Pour faciliter une progressive acquisition du langage audiovisuel, je me suis appuyé sur le fascicule Jeune journaliste reporter d’images proposé par le Clemi (Centre de liaison de l’enseignement et des médias d’information) de Bordeaux sur son site. Les élèves ont ainsi découvert la structure du reportage (lancement, alternance de séquences et d’interviews, pied), les concepts journalistiques de base (réponses aux questions essentielles, règle des lignes de force lors des interviews, charte de déontologie, etc.) et la grammaire de l’image animée (cadrage, angle et point de vue, temps de chaque plan, etc.). Formés aux pratiques journalistiques, les élèves ont ensuite produit en binôme un reportage portant sur une liberté. En s’initiant aux complexités de la production d’information, ils développent autonomie et esprit d’initiative. Objectif à long terme ? Que prospèrent des médias pluralistes de qualité pour le public exigeant de demain, formé aux pratiques journalistiques, à une actualité transformée par les pratiques numériques dans un esprit de citoyenneté actif et participatif , et exercée par les collégiens tout en exerçant directement leur propre liberté d’opinion, d’expression ou de presse ! Cette réalisation s’est déroulée sur plusieurs semaines, afin de permettre aux élèves une certaine souplesse d’organisation, avec un carnet de bord qu’ils ont défini au préalable à partir d’une structure que j’avais élaborée. De nombreuses compétences ont pu être évaluées, que ce soit dans la maitrise de la langue française (rédiger un texte bref, adapter son mode de lecture), dans la culture humaniste (mobiliser ses connaissances pour donner du sens à l’actualité, porter un regard critique sur un fait, etc.), la maitrise des techniques usuelles de l’information et de la communication (utiliser les logiciels et les services à disposition, traiter une image, un son, une vidéo, etc.), les compétences sociales et civiques (principaux droits de l’homme et du citoyen, fonctionnement et rôle des différents médias) ou l’autonomie et l’initiative.

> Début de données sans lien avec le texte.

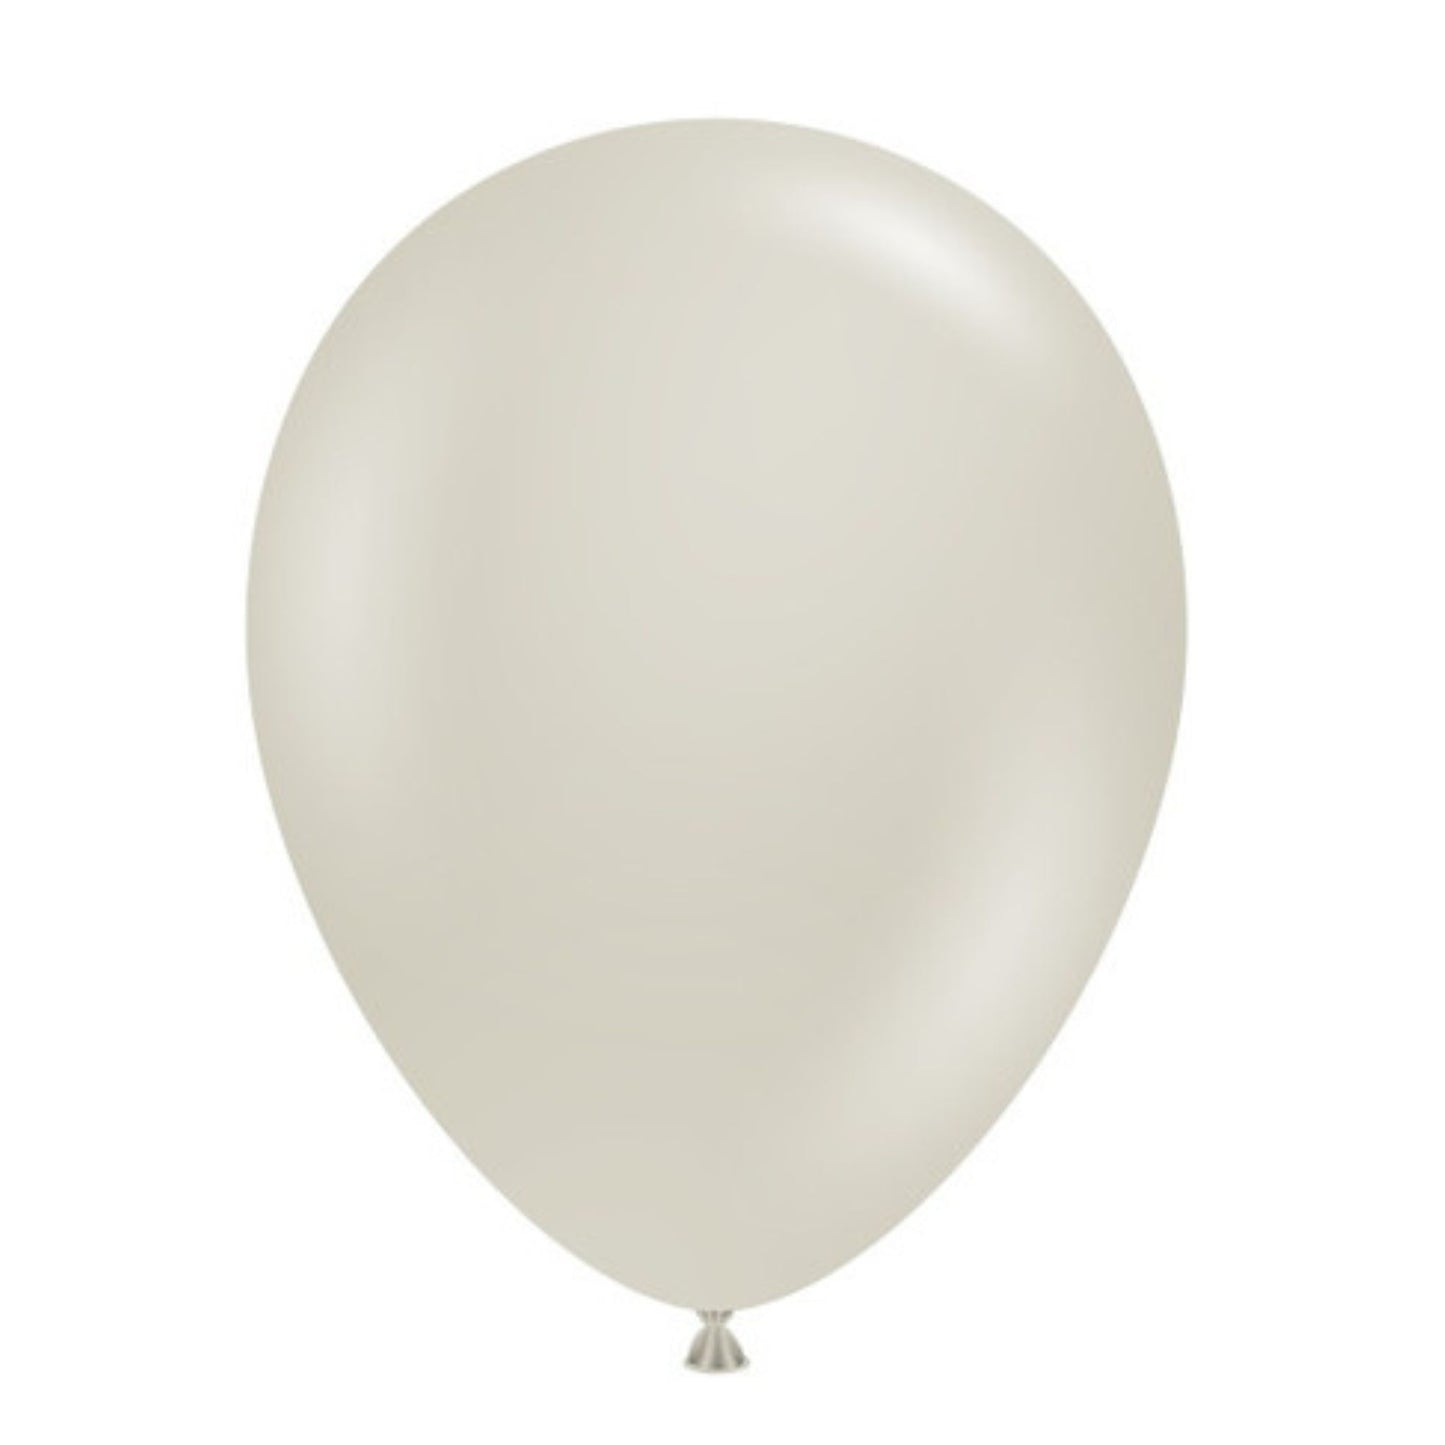 11 inch helium filled Stone latex balloon

J’ai procédé à un modeste sondage auprès des élèves des trois classes concernées (une soixantaine) et de la communauté éducative. Il en est ressorti que les bugs informatiques avaient été la principale cause de mécontentement. Le long temps de travail requis par rapport à un devoir classique et, parfois, les problèmes de répartition des tâches étaient, eux, largement compensés par le temps agréable passé ensemble et par l’acquisition de compétences informatiques réutilisables dans des projets personnels. En outre, les élèves soulignaient une meilleure appropriation des connaissances, des compétences, et disaient avoir apprécié de rencontrer les adultes de l’établissement dans un contexte différent. Les trois quarts des élèves ont répondu au questionnaire et ont demandé à l’unanimité de renouveler l’expérience. Les adultes sollicités par les apprentis journalistes (un journaliste et un journaliste reporter d’image, d’où l’organisation en binôme) pour répondre à leurs questions ont souligné, dans une grande majorité des cas, leur professionnalisme et leur prise d’initiative.

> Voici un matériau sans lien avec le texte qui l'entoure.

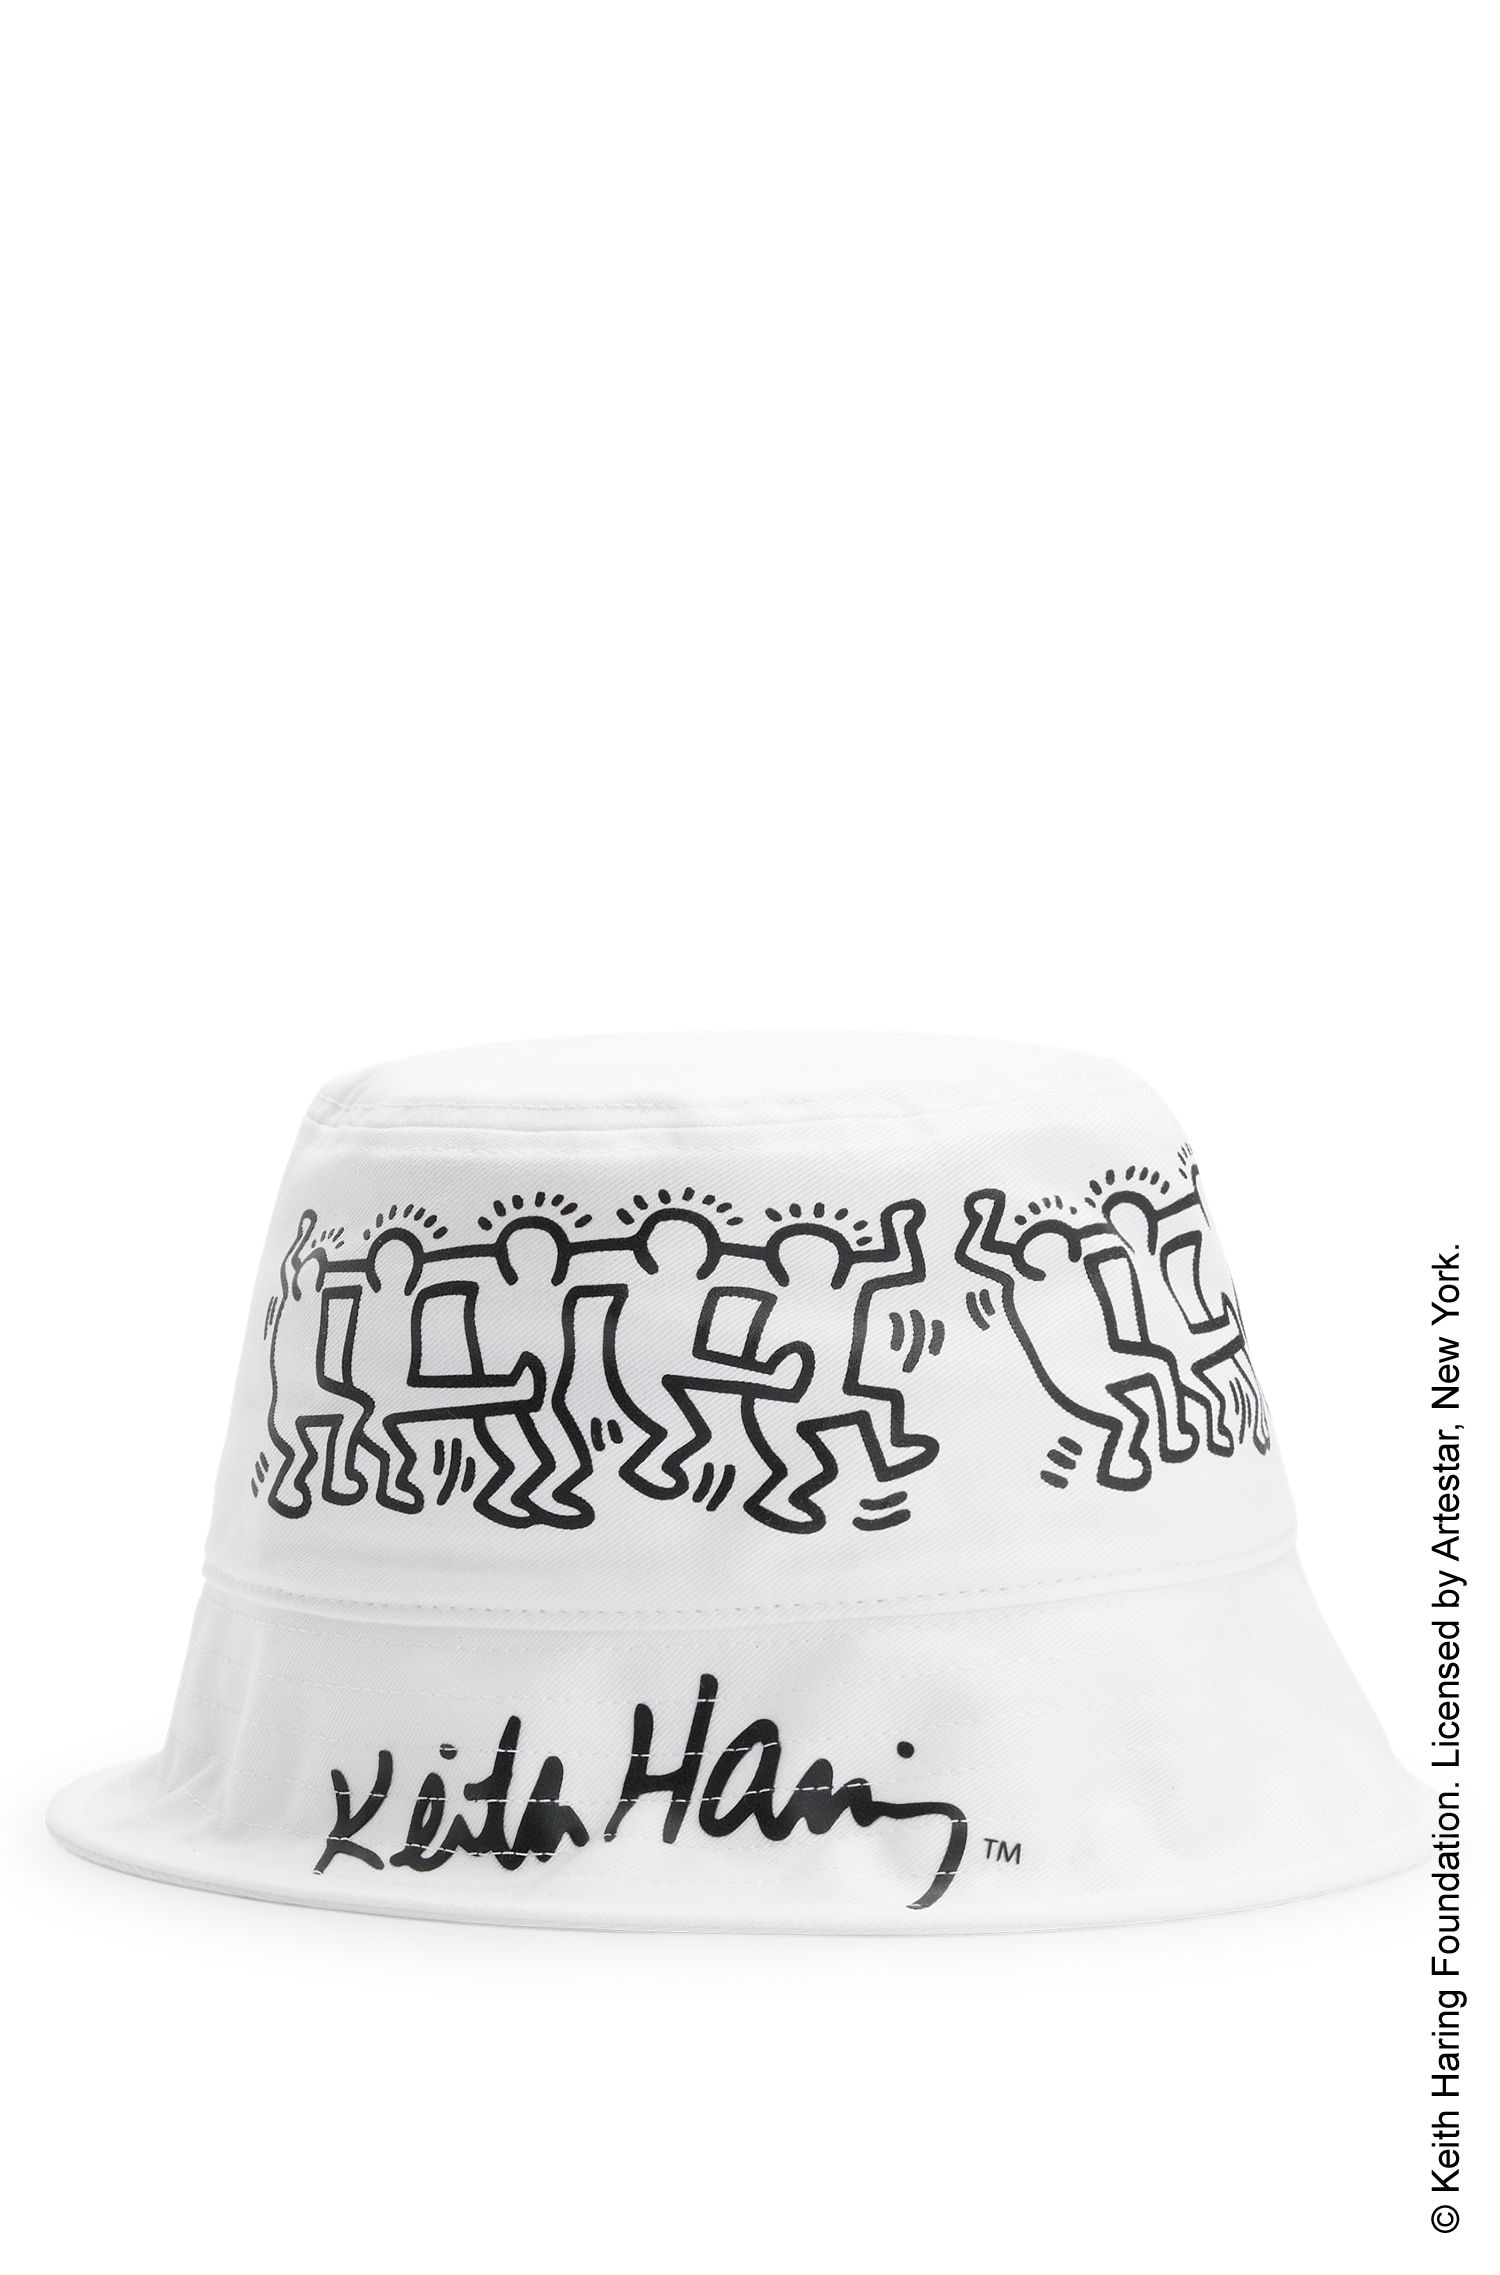 BOSS x Keith Haring 特别图案渔夫帽

J’ai donc organisé la deuxième leçon d’éducation civique intitulée « Droit et justice en France » de la même façon. J’ai pris soin de ne pas multiplier les supports vidéos entretemps, afin d’éviter toute lassitude. Une fois encore, le programme incite à cette démarche d’éducation aux médias, en insistant sur l’utilisation d’exemples concrets, et le quatrième chapitre demande même aux enseignants « d’évoquer un évènement judiciaire d’actualité et sa couverture par des médias », le professeur devant proposer […] « l’étude d’extraits d’articles de journaux de l’année scolaire, de documents audiovisuels, de sites web, etc. ». Le but que je poursuivais alors était de vérifier l’acquisition, voire l’approfondissement des compétences évaluées préalablement (pour certains de les acquérir grâce à un certain recul et une meilleure visibilité des attentes) tout en complétant la démarche par une éducation à l’utilisation responsable d’internet. En effet, les reportages étant lus directement sur les sites des chaines, nous avons développé une réflexion portant sur la responsabilité juridique des producteurs, des diffuseurs-éditeurs et des hébergeurs de vidéos. Nous avons aussi vu comment le citoyen pouvait agir en dépassant le simple « j’aime »ou « j’aime pas » par des commentaires intéressants et un partage judicieux de vidéos, ou comment il pouvait se protéger (déposer une plainte pour non-respect de la vie privée). Nous avons également étudié le contexte de la vidéo, l’aspect multimédia et l’importance du lien hypertexte ainsi que l’économie des médias2.
L’activité a demandé une implication importante, les élèves étant très réceptifs au langage audiovisuel en classe et très demandeurs de précisions et de soutien lors de la réalisation des reportages (notamment lors des récréations). Elle oblige aussi une réflexion forcément intéressante sur sa pratique pédagogique et sur le travail en équipe (par exemple, mieux informer au préalable la communauté éducative tout en prenant en compte que la logique médiatique vise à obtenir le naturel lors des interviews, amélioration de la communication avec la vie scolaire pour encadrer le tournage dans la cour, etc.). Cette expérience visait plusieurs objectifs (civiques, médiatiques, numériques) mais, comme l’écrit Régis Debray3, elle était duale, car intégrant à la fois « un risque toujours possible : que le discours vienne tuer le plaisir ; un espoir : que le premier finisse par accroitre le second. » Les élèves ont tranché.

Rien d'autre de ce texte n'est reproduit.